### Task goal
Return, exactly and in full, the lines of the records below starting at the one with "C:\Users\uzer\Desktop\2014-07-17 АЕМ\АЕМ 002.jpg" and ending at the one with "Tommy Bahama 'Aruba' Half Zip Sweatshirt", and no other lines.

### Data to examine

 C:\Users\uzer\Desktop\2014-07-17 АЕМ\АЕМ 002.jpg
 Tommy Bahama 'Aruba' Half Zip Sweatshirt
* * *
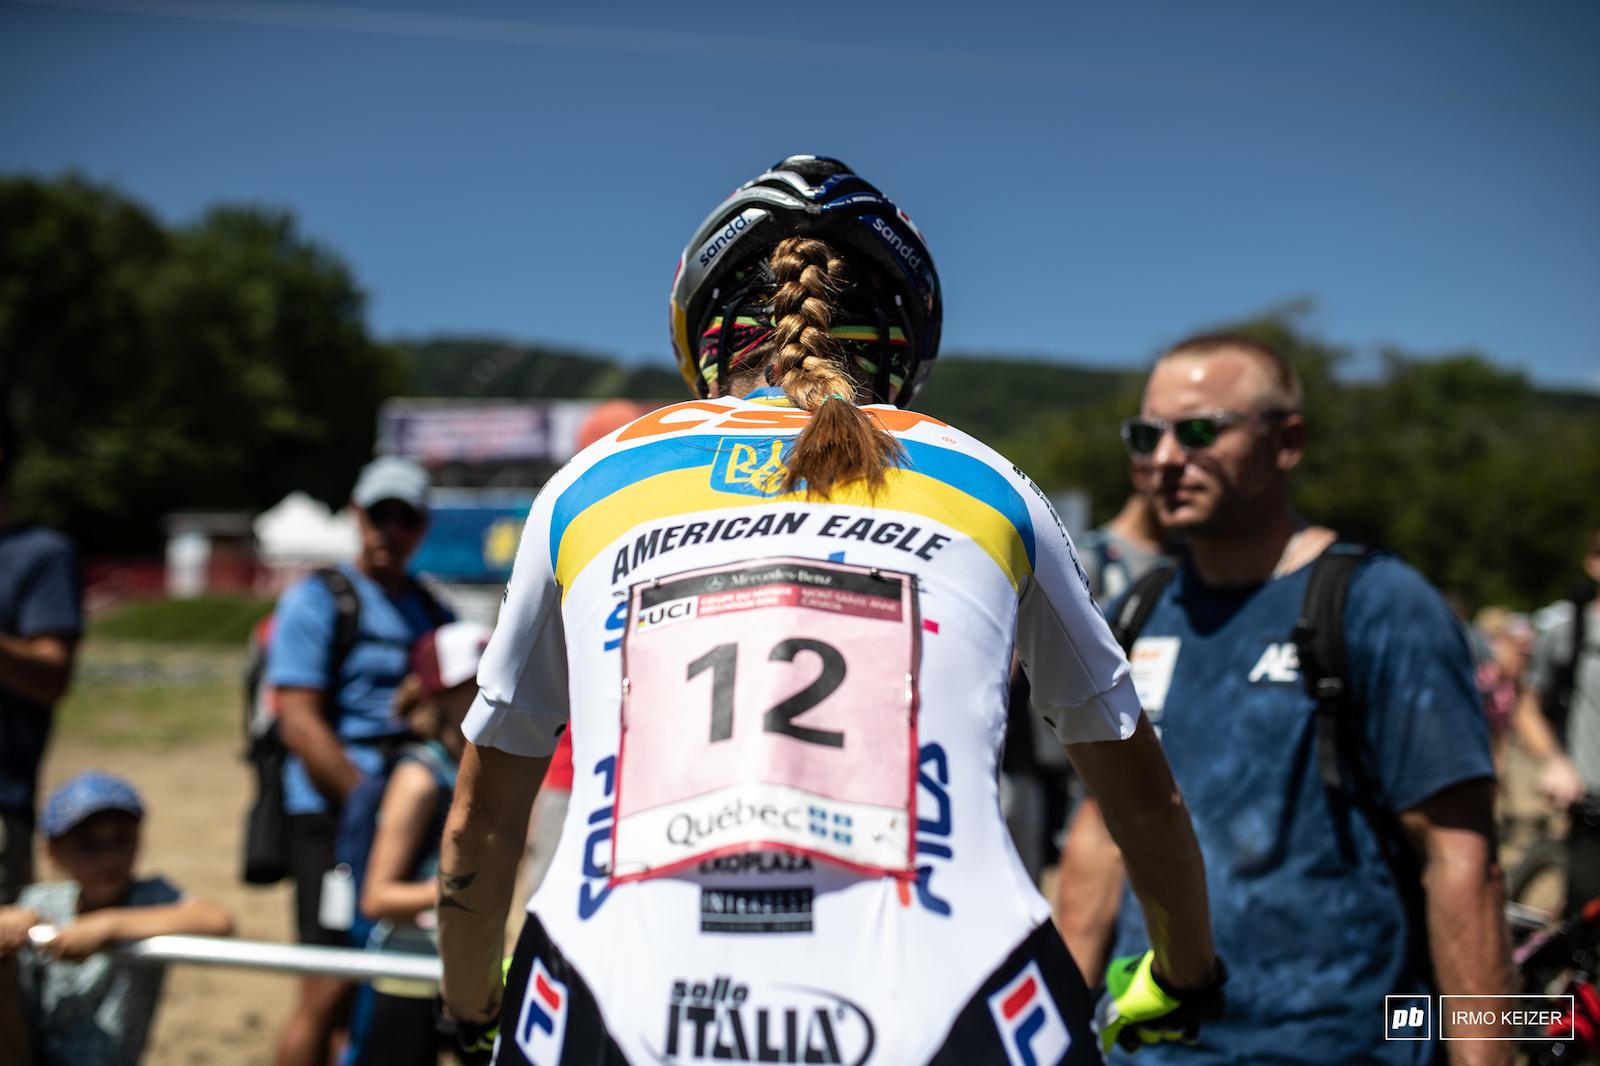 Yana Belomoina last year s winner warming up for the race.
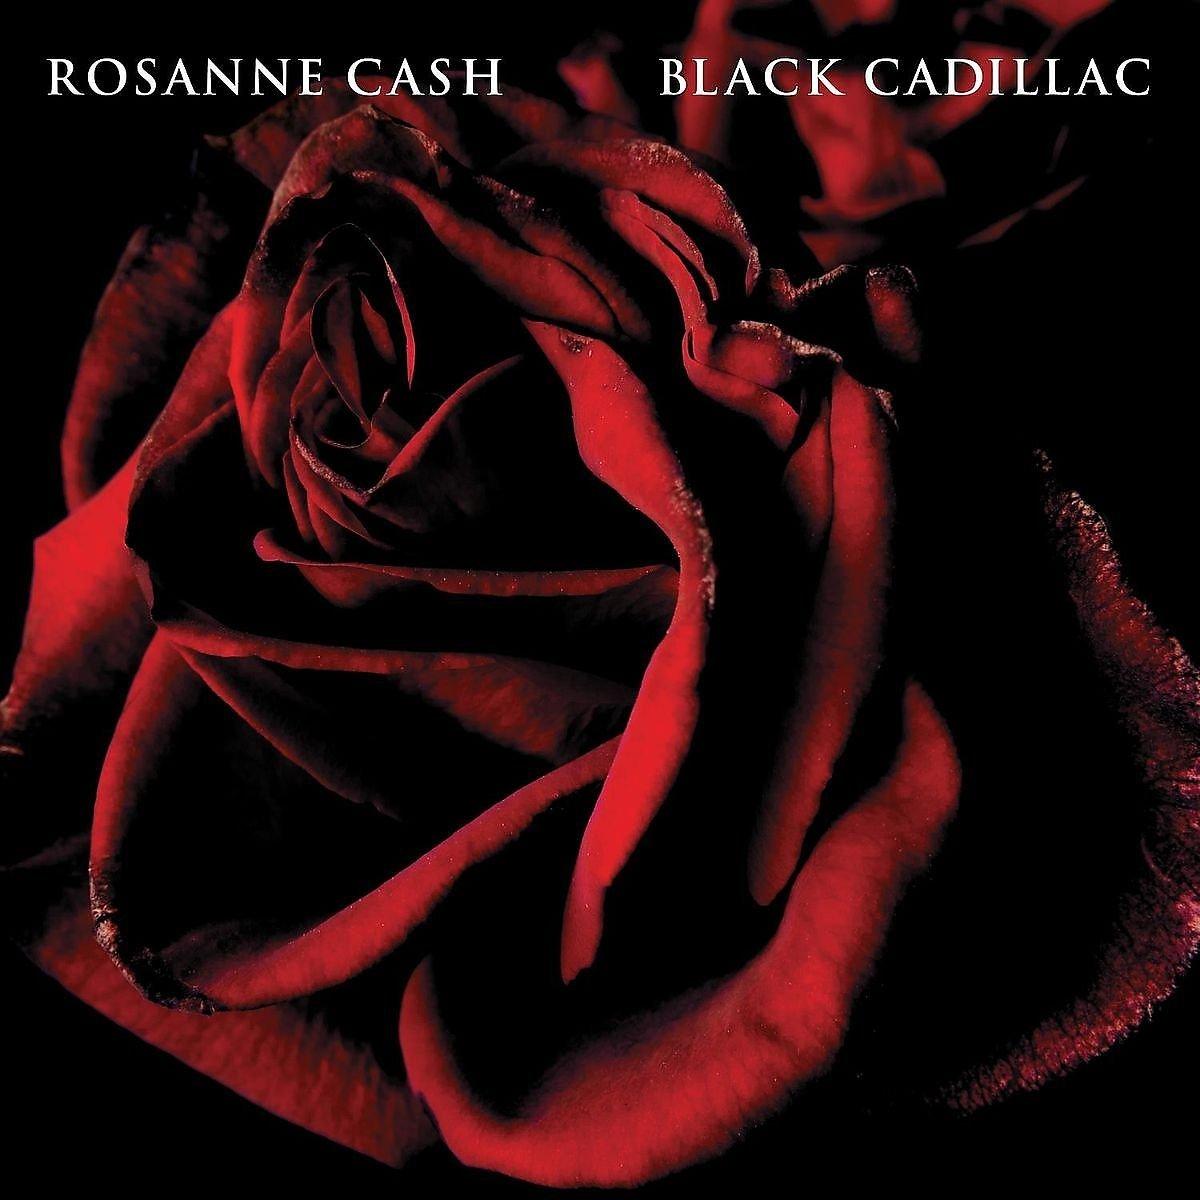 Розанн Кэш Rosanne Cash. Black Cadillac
...
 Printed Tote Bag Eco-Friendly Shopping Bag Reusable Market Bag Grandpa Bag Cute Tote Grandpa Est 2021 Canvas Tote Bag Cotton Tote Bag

### Exercise answer
 C:\Users\uzer\Desktop\2014-07-17 АЕМ\АЕМ 002.jpg
 Tommy Bahama 'Aruba' Half Zip Sweatshirt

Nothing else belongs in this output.